It seems I didn't communicate the problem and my solution clearly enough, so let me try again. (Also, I learned from the discussions!)

Currently, both the client and the server parse CSV options. The client does *not* re-encode the CSV before sending; the parsing is really done twice. This means e.g. that you need 3 backslashes to escape a literal comma: after the client-side split, '\\\,' becomes '\,'; which after the server-side split becomes ','.


Since CSV is specific to the command-line, and the client is responsible for translating command-line input to XML-RPC (which has its own syntax for lists), the ideal fix will be to move CSV processing entirely to the client. This will be a rather invasive change, mainly because some parts of the UI now expect the server-side parsing (but they don't escape CSV, so values containing commas or backslashes are broken). So it won't make it to the upcoming release. My patch provides a quick fix: when a call comes from the command-line client, disable the server-side parsing.

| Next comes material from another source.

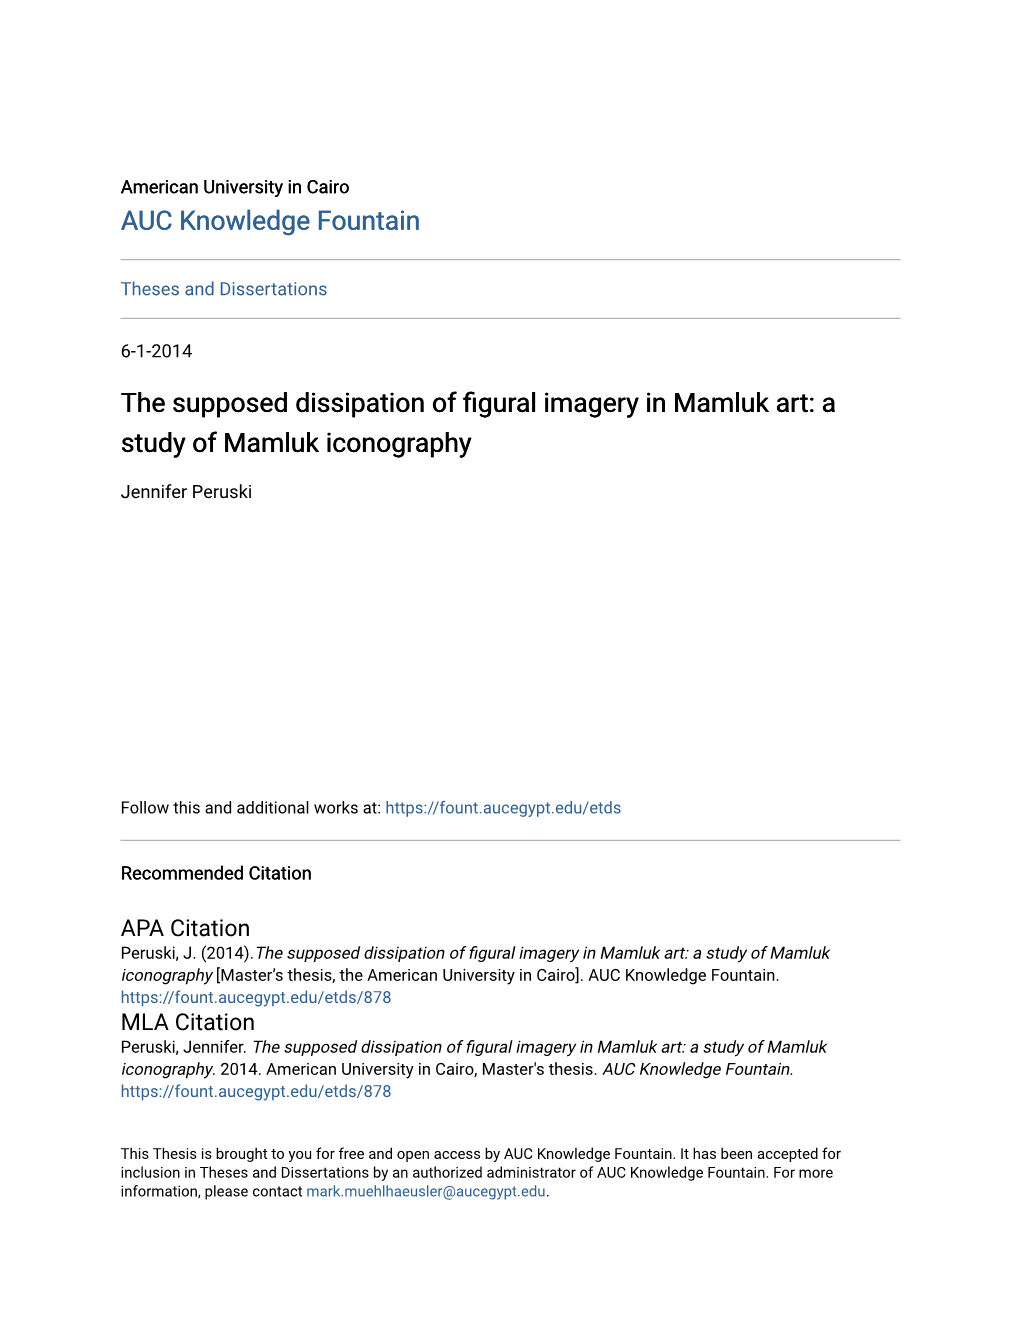 The Supposed Dissipation of Figural Imagery in Mamluk Art: a Study of Mamluk Iconography

I can't get away from moving split_csv() (which is not idempotent) out of normalize() (which is, and gets called lots of times); this is the patch's major change in therms of LOC.


I'll note again that this only affects values with backslashes or double quotes. Exactly these options are currently broken (=need double escaping). The "normal" uses of CSV are completely unaffected.


Attaching updated patch; the change vs. the original is that the "don't parse again" flag is now only set at the server, when a XMLRPC call is received, making the client fully forward-compatible (the flag doesn't get sent through the wire).


The ticket is https://fedorahosted.org/freeipa/ticket/2227, but this patch is only the first step in fixing it.

--
PetrĀ³
From b8a091514ee74283bbcb02d8b54fdfe4b49a7f04 Mon Sep 17 00:00:00 2001
From: Petr Viktorin <pvikt...@redhat.com>
Date: Thu, 23 Feb 2012 07:29:47 -0500
Subject: [PATCH] Only split CSV strings once

When a call comes from XML-RPMC, set a flag that prevents the server
from parsing CSV.

Splitting on commas is not an idempotent operation:
'a,b\,c' -> ('a', 'b,c') -> ('a', 'b', 'c')
That means we can't do it when the call is forwarded. But currently
we do: both the client and the server parse CSV, so in the end it's
split twice, requiring double escaping for commas and backslashes.

Since the CSV fomat for options is specific to the CLI, the ideal
fix to this problem is to only parse it in the client. This requires
some work and testing at the UI side, however -- currently some
pieces of the UI rely on the server to parse CSV, instead of using
JSON lists. This patch implements a quick hack whose main virtue
is that it's forward-compatible with the ideal fix.

Also, document Param's csv arguments, and update tests.
---
 ipalib/frontend.py                   |   25 +++++++++++++++++
 ipalib/parameters.py                 |   50 +++++++++++++++++++++++++++-------
 ipaserver/rpcserver.py               |    1 +
 tests/test_ipalib/test_parameters.py |   24 ++++++++--------
 4 files changed, 78 insertions(+), 22 deletions(-)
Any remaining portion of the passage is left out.